Our prices do not include the return and recycling of used models (according to § 3 ElektroG) unless the users are private households. The customer will recycle those units at his own costs and in accordance with the legal regulations or will oblige a third person to do so. The customer exempts us from the obligation of the manufacturer to take back and recycle models according to § 10 chapter 2 ElektroG and from the corresponding claims of a third party.

XIII. Return of goods

If the customer returns goods free of defects after prior announcement and approval by Kindermann (RMA process), we charge, unless otherwise agreed, a handling fee of 10 % of the net value of the goods, minimum 25 € per item plus VAT.

A reimbursement of the net value of the goods – minus handling fee – is only possible if the goods are 100 % free of defects and if they have not been made specially according to the customers wishes. Software can only be returned if not used and still sealed in package.

The RMA number must be visible on the outside of the carton and on the delivery note. Otherwise we would possibly refuse the acceptance of the goods.

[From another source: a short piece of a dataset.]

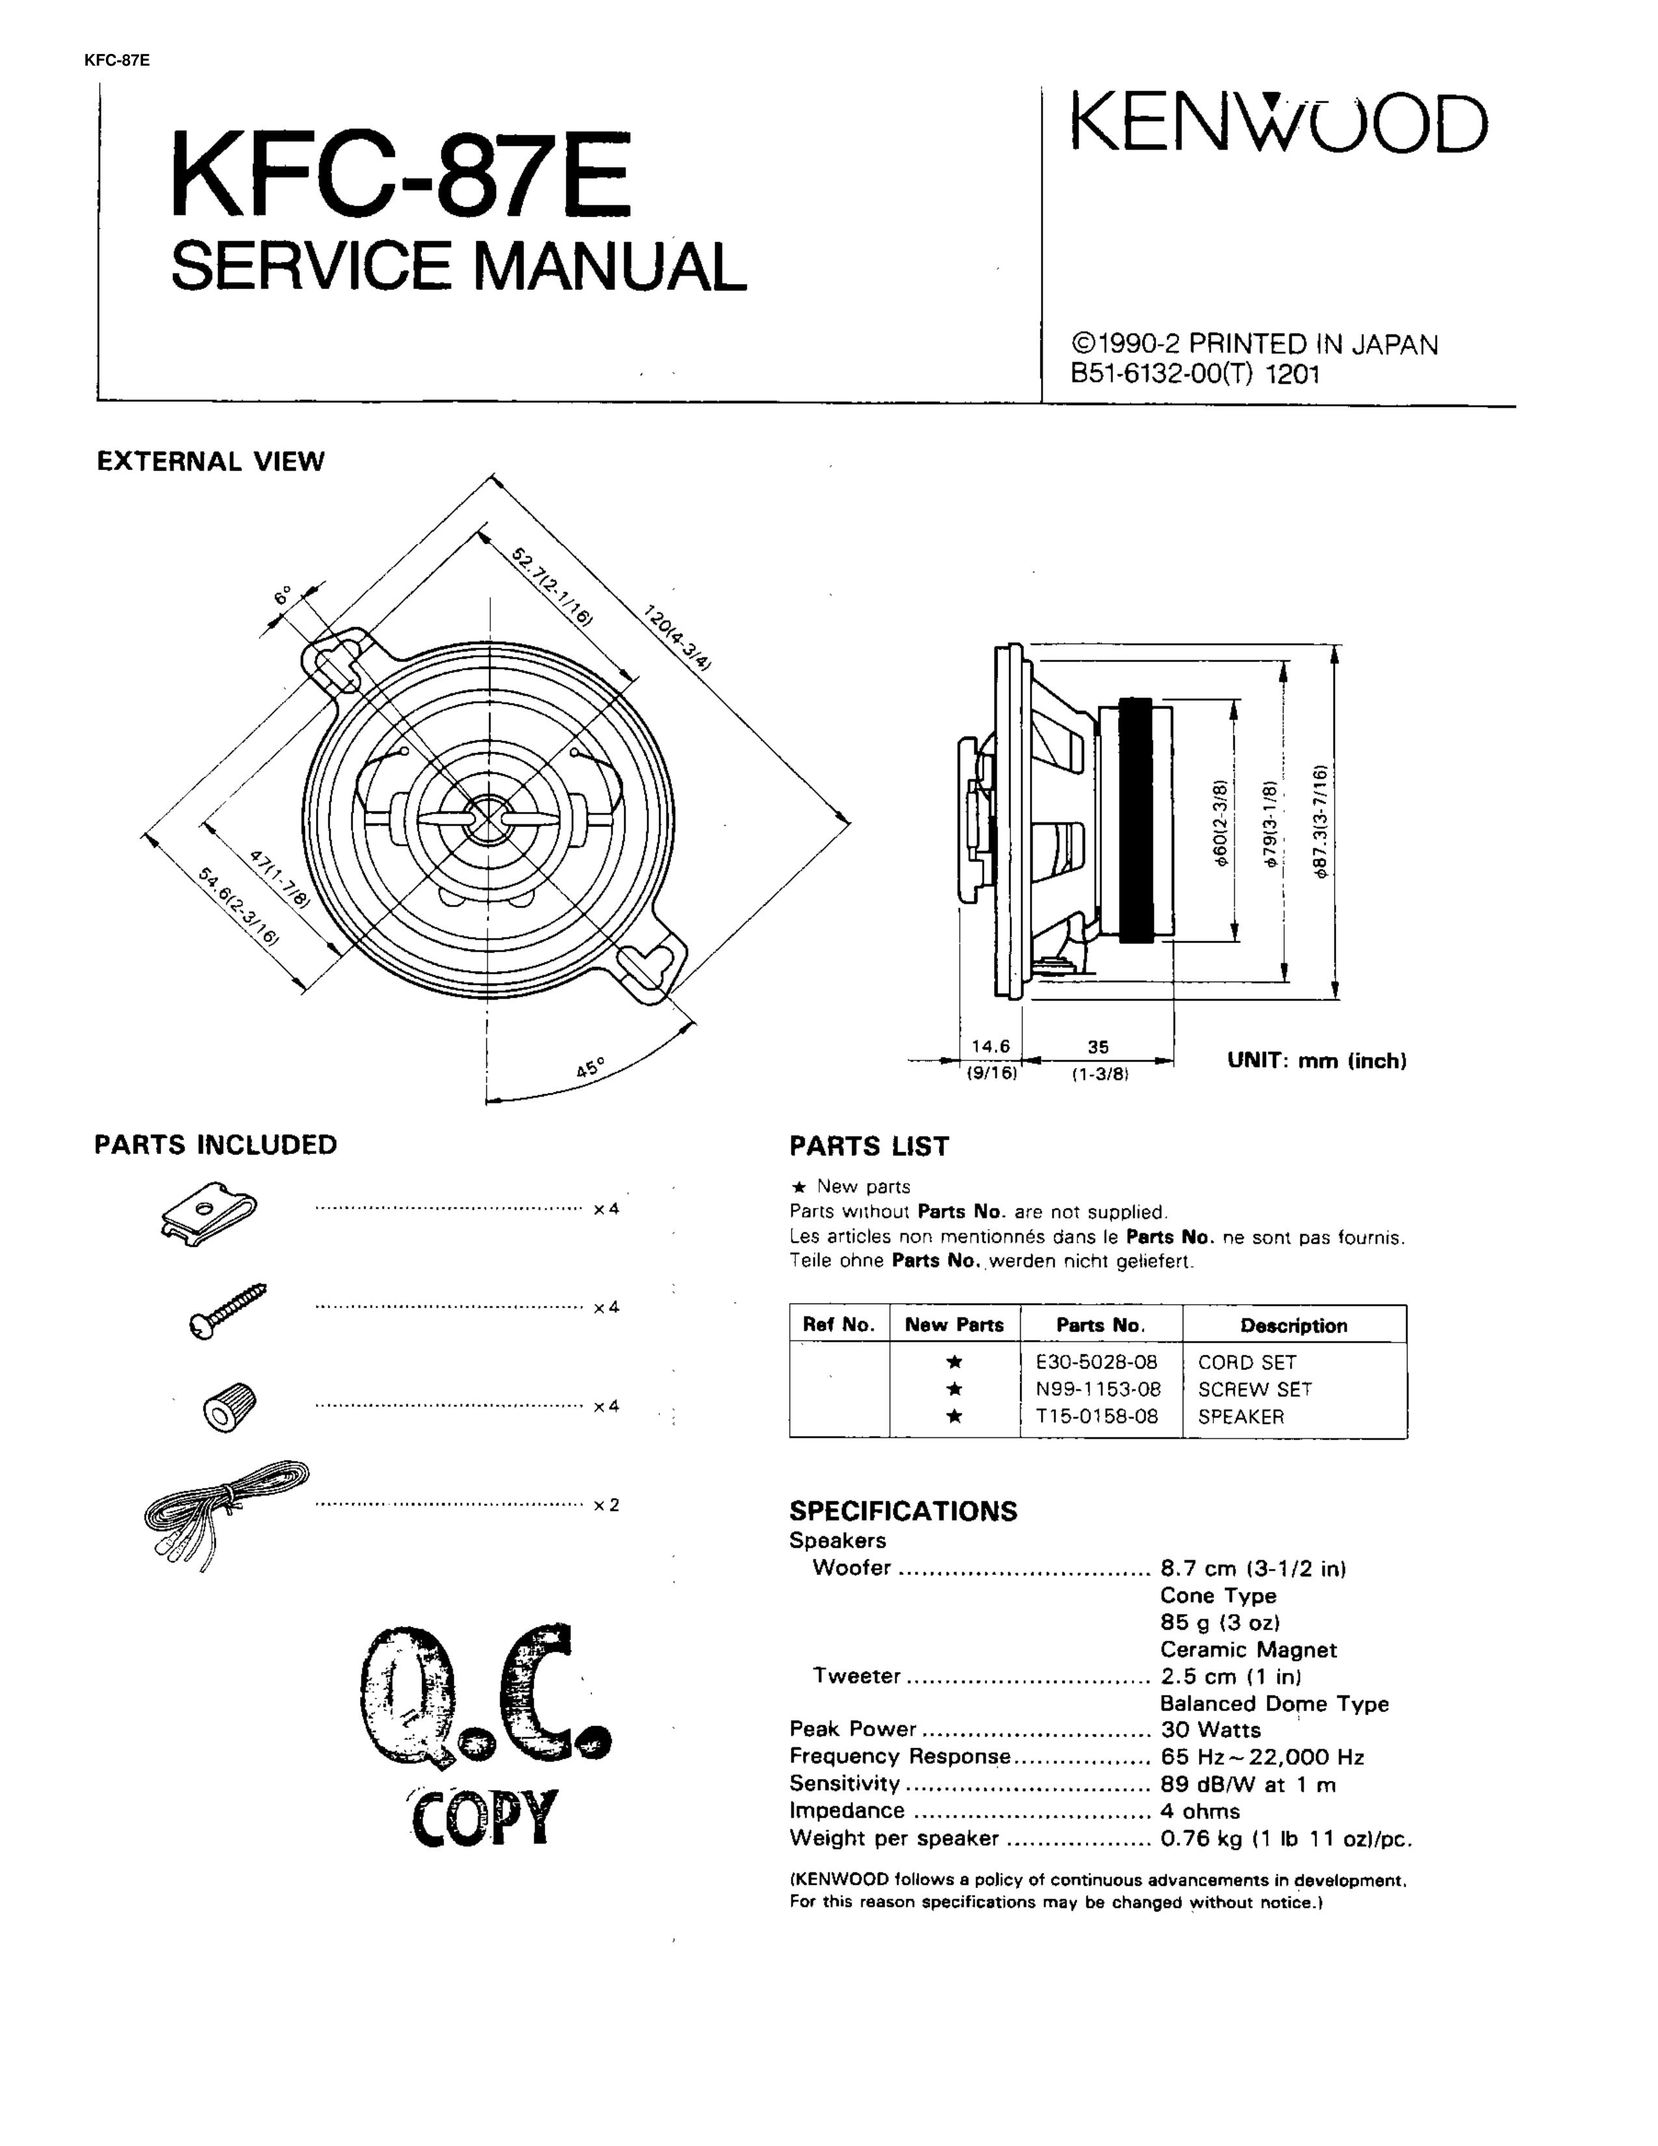 Kenwood KFC-87E Speaker User Manual

XIV. Place of fulfilment and court of jurisdiction

The place of fulfilment for deliveries and payments is Eibelstadt, the court of jurisdiction is Wuerzburg.

For all legal contracts only the German law is applicable. The United Nations Contracts for the International Sale of Goods (CISG) are not applicable.

XV. Translations

The translation of these sales terms into other languages is a service for our customers. Only the German version is legally binding.

XVI. Other terms

The irrevelance of single regulations does not violate these sales terms.